Spending time in New York means hearing the city’s music once again, and revisiting some of the institutions that have sustained me in my love of opera over so many years. An institution unto herself is Marilyn Horne, who celebrated her 75th birthday (Friday) with a gala concert (Sunday) at Carnegie Hall, where tribute was paid to the great lady by several of my other favorite artists: especially wonderful were Frederica Von Stade (our mistress of ceremonies, eternally sublime), Thomas Quasthoff (in Brahms), Thomas Hampson (in Mahler), Dolora Zajick (“Mon coeur s’ouvre à ta voix”), and Dmitri Hvorostovsky (“O Carlo, ascolta”).

Among the younger artists, Nicole Cabell offered a luscious “Adieu de l’hôtesse arabe” that makes me hungry for more French rep from her; and Meredith Arwady, who impresses me more each time I hear her, in Elgar’s “Where Corals Lie.” (The gala was a benefit for the Horne Foundation, which sponsors recitals by these and other young artists in venues all across America.) The opportunity to hear any of these artists singly would be exceptional; the opportunity to hear them in one afternoon, historic; the opportunity to hear them and my beloved Susan Graham (“Connais-tu le pays?” so delicate that you could smell the orange blossoms) and my beloved Joyce DiDonato (closing the program with a courageous, kick-ass “Tanti affetti” that left us giddy), quite simply a blessing. Then Ms. Horne herself stepped out, hardly letting us cheer for as long as we wanted, before giving us a funny, tender little speech. Only in New York, kids.

The afternoon was a tonic, really, and it helped me to set aside my gnawing anxieties over the fate of another great musical institution, New York City Opera, that preoccupied me for much of the previous week.

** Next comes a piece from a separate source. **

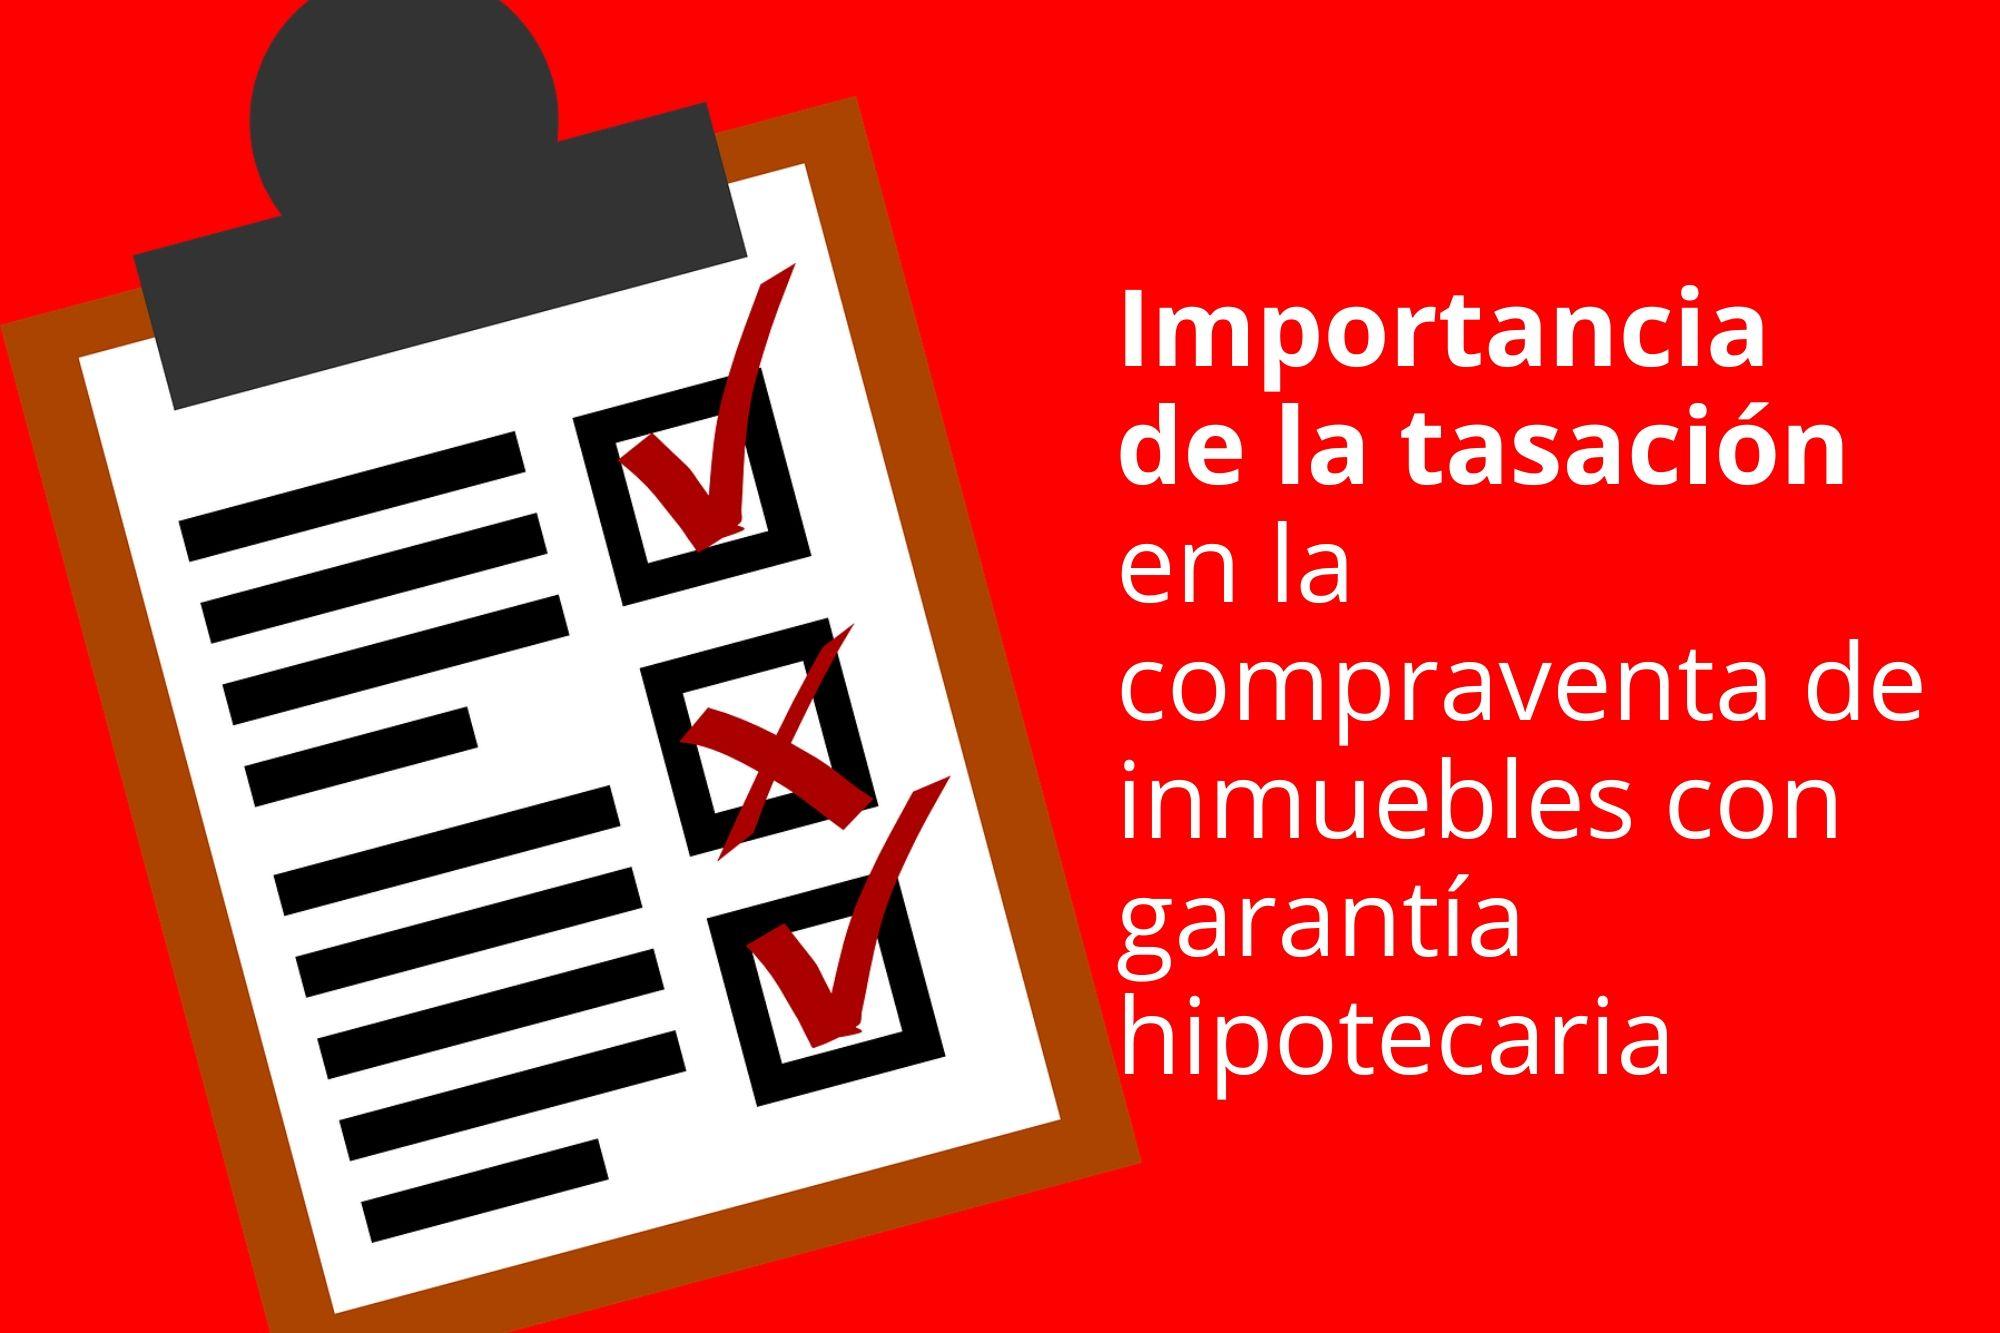 La Importancia De La Tasación En La Compraventa De Inmuebles Con Garantía Hipotecaria

Mortier: Pouf! He, how you say, vanish!

In the 1970s, City Opera’s signature artists (Sills, Treigle, Rudel, Capobianco, so many others) defined the possibilities of the art form for me as a boy, and its production of Menotti’s Juana La Loca was the first opera I heard in New York, in 1979. The company has suffered significant reversals in recent years, and many of them, it must be said, can be blamed on its board of directors. These folks — well-meaning, surely — chose the Belgian provocateur Gerard Mortier two years ago to take over City Opera as general and artistic director. Manifestly the wrong man for the job, Mortier quit in November, even before assuming his duties in full, yet he managed to screw the company just the same. At his urging, NYCO is on hiatus this season, while the New York State Theater is renovated. How any opera company is supposed to maintain a presence — to persuade donors that it’s viable — is anyone’s guess, but it’s a signal truth that Mortier, like so many Europeans lately selected by American boards, has at best limited fundraising experience. (The money is supposed to appear magically.) And of course Mortier quit when he discovered that City Opera had even less cash than he’d anticipated. His grandiose (and sometimes insulting) plans for the company couldn’t be fulfilled.

Now the company has turned to George Steel, who has minimal experience raising funds or producing opera at all. I thought he was a risky choice to run Dallas Opera, when he was named to that post a few months ago; I can only hope that his few weeks in Dallas have provided him with an intensive education in — well — everything. Both my hometown companies are cash-strapped, at the very beginning of an economic crisis. But City Opera really can’t afford a single misstep or a second wasted.

Man of Steel or feet of clay?

It’s the topic of every conversation here, almost. For every encouraging reminder that Steel does know New Yorkers, and is a well-regarded conductor, comes the dispiriting news that the company will cut its productions by half next season, or that Steel’s favorite opera composer is Johann Christian Bach. I wish I saw any cause for optimism.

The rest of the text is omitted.